Read full explanation

Introduction

When people discuss whether AI alignment will happen "by default," they often talk past each other because this phrase masks fundamentally different views about the difficulty of the alignment problem and the interventions required to solve it. These differences matter enormously for policy. If alignment happens automatically through market forces, aggressive regulation is unnecessary and potentially harmful. If alignment requires heroic effort, modest interventions will fail. Understanding which world we inhabit should guide where we focus resources and political capital.

This post proposes a framework for distinguishing different views about alignment difficulty and introduces the concept of "affectable worlds"—scenarios where our choices have the greatest impact on outcomes. I focus primarily on policy-relevant interpretations of alignment difficulty rather than purely technical claims about specific training methods.

A Spectrum of Views on Alignment Difficulty

Rather than discrete categories, views on alignment difficulty form a spectrum from "alignment is guaranteed" to "alignment is nearly impossible." I identify five positions along this spectrum, ordered from most to least optimistic:

1. Strong Alignment by Default

Core claim: Advanced intelligence necessarily entails or strongly correlates with aligned behavior. It may be physically or even logically impossible to create a misaligned superintelligence.

Key assumption: Intelligence and good/beneficial-for-humans goals converge in the limit. Sufficiently advanced systems will recognize and adopt human values or otherwise avoid catastrophic actions. This implies a negation of the orthogonality thesis.

Policy implication: Minimal alignment-specific intervention needed. Focus on capability advancement and addressing other AI risks like misuse or economic disruption. Alignment interventions might be net-negative because they divert resources from real problems and delay technical solutions to certain AI risks.

Plausibility assessment: This view requires strong claims about the nature of intelligence and goals that lack strong empirical support. Moreover, even some forms of convergence might be unsatisfactory by human standards. For instance, if moral realism is true and ASI converges to the to pursue the objective good, that might still mean wiping out humans to tile the universe with hedonium.

Example adherents: Steven Pinker appears to hold this view, treating alignment risk as largely unfounded even conditional on AGI. Jonathan Barlow has argued for this position on the basis of virtue epistemology in work presented at a symposium organized by the Center for Law and AI Risk (CLAIR). Some AI capabilities skeptics also fall into this category, maintaining they wouldn't worry about misalignment even if AGI/ASI were somehow achieved.

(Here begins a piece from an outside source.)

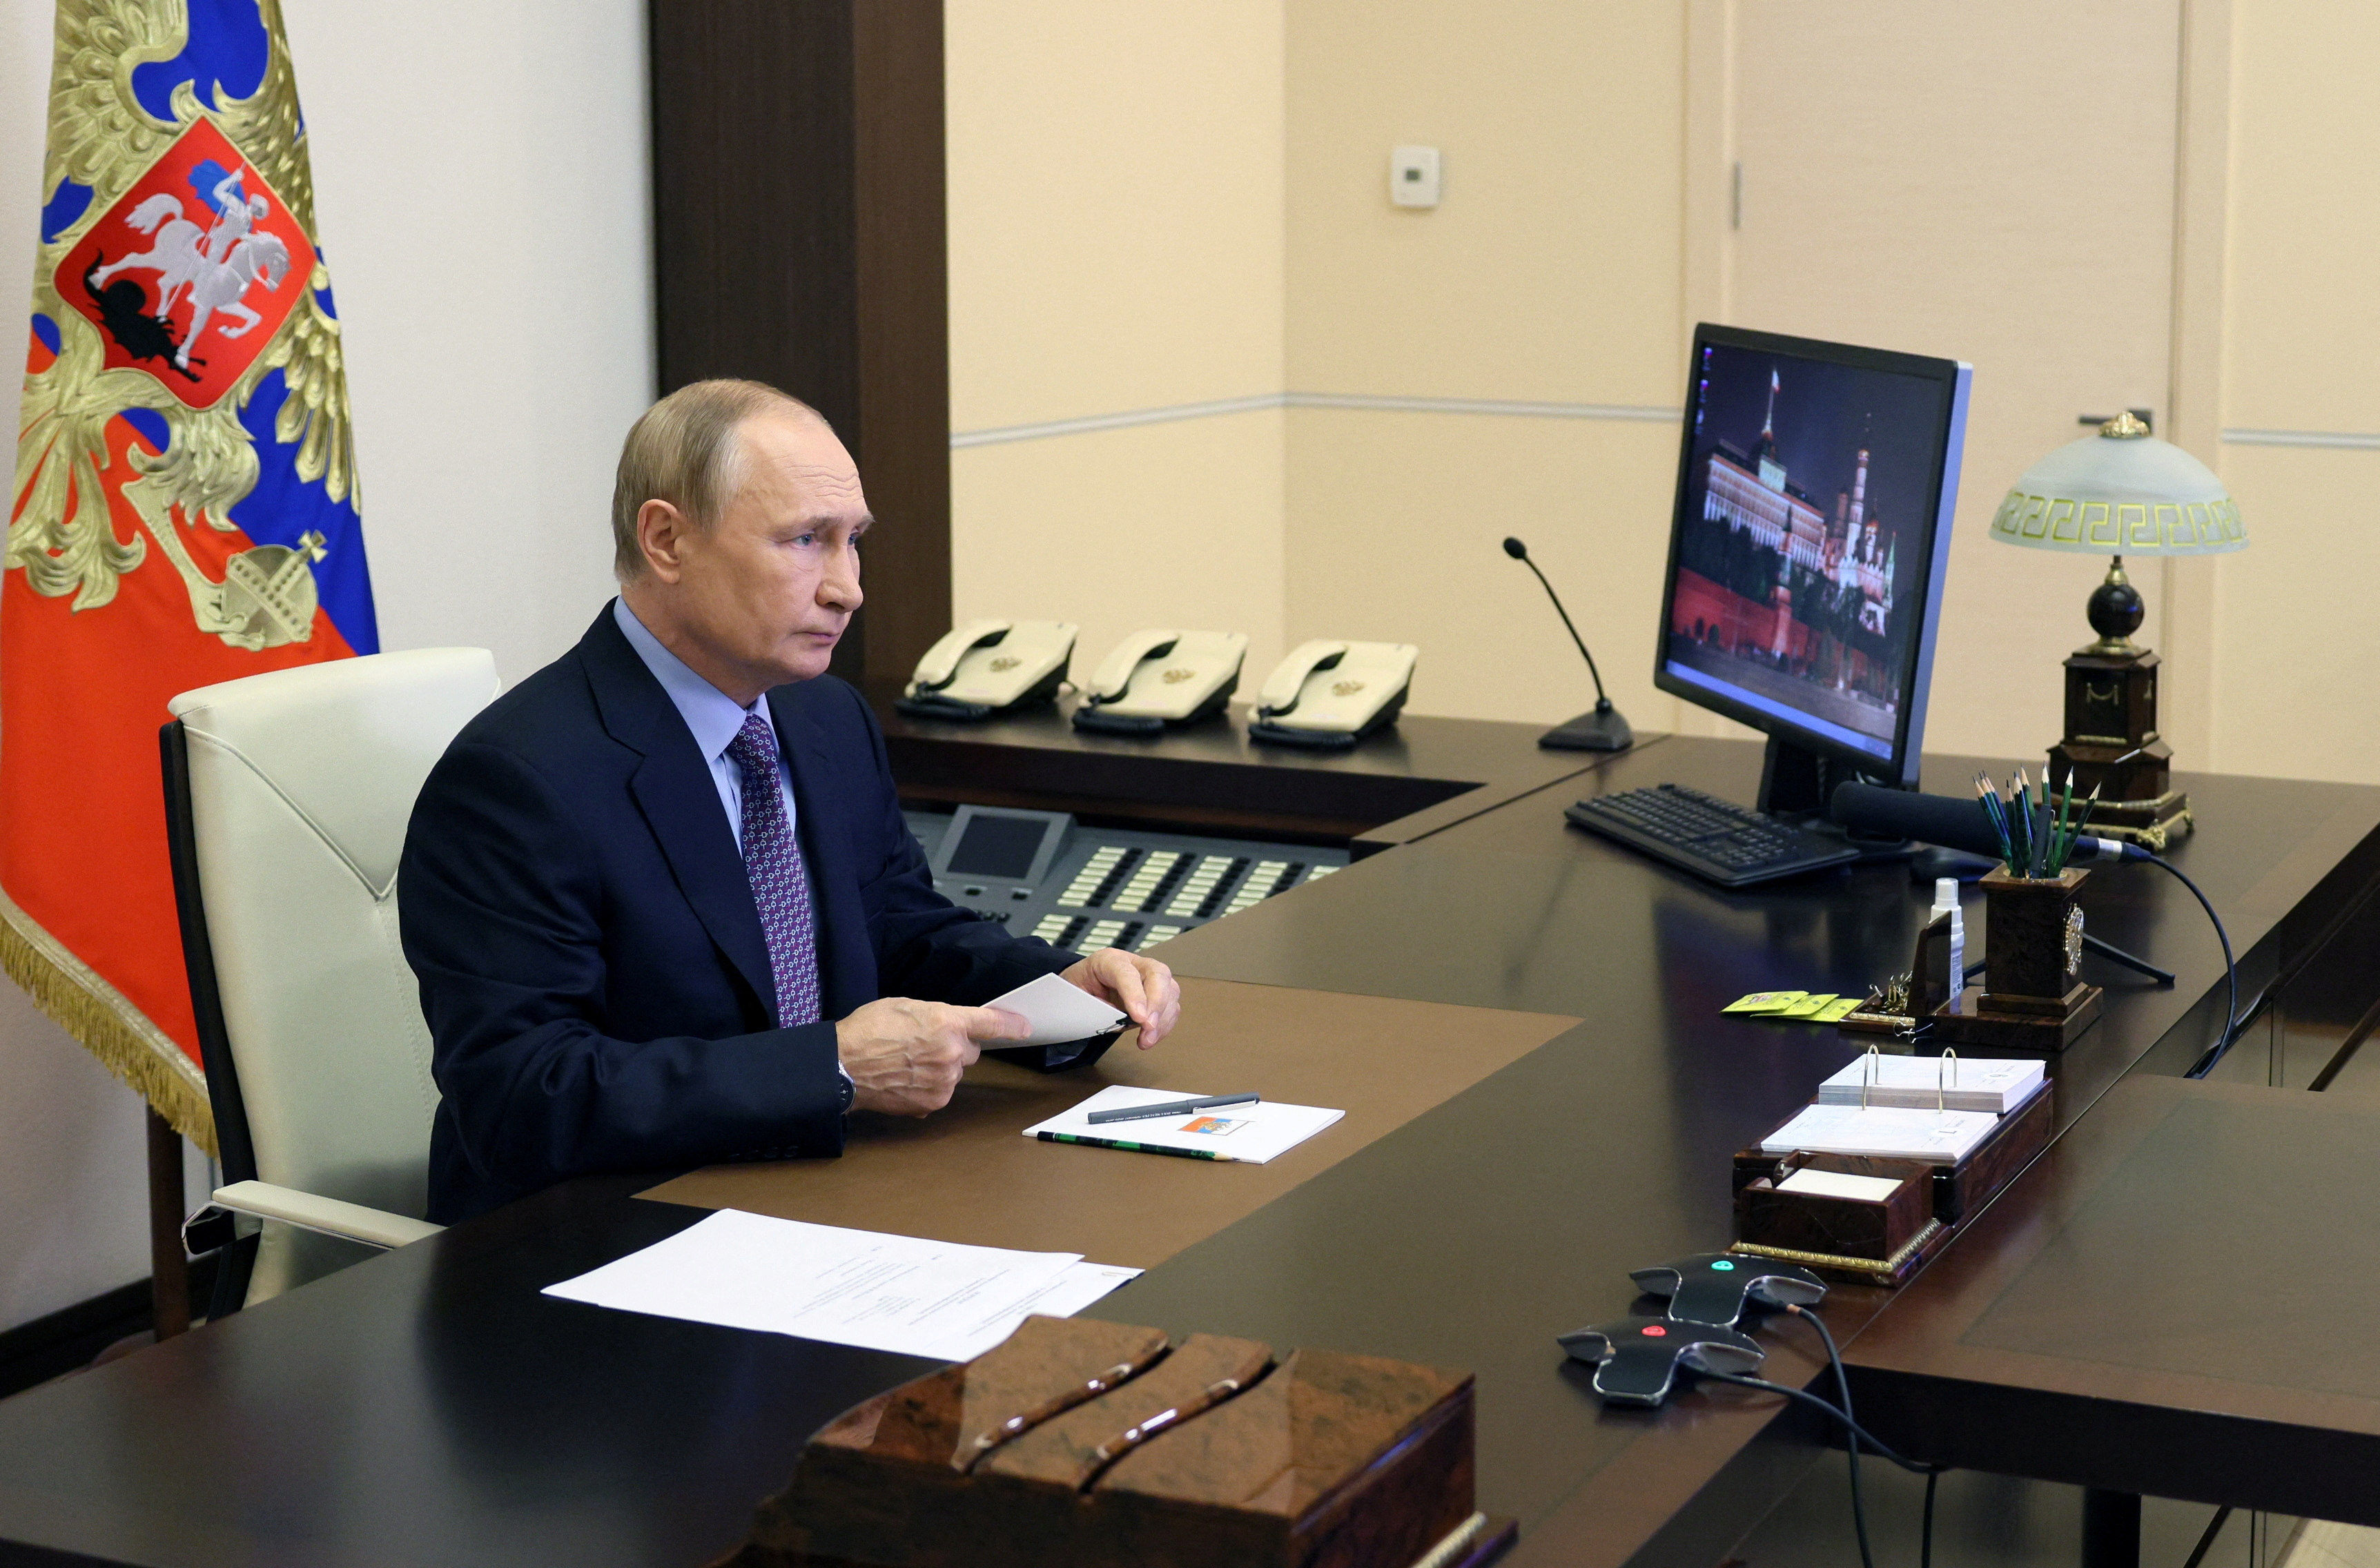 Analistas de inteligencia señalan que Vladimir Putin está cada vez más aislado y que incluso miembros de su círculo interno se animan a confrontarlo (Reuters)

2. Semi-Weak Alignment by Default

Core claim: While misalignment is technically possible, ordinary market incentives to build safe and useful products are strong enough to prevent deployment of dangerously misaligned systems.

Key assumption: Market forces generate strong enough incentives to prevent the deployment of misaligned frontier AI systems, and stronger aligned systems can contain risks from potentially misaligned weaker systems.

Policy implication: Light-touch regulation focused on transparency, and even this might be unnecessary, at least for mitigating misalignment risk. Market mechanisms and reputation concerns will drive adequate investments in safety. Tightening up corporate governance (responsiveness of corporate leaders to the interests of shareholders), so that market incentives are transmitted to relevant decision-makers, may also take on heightened importance.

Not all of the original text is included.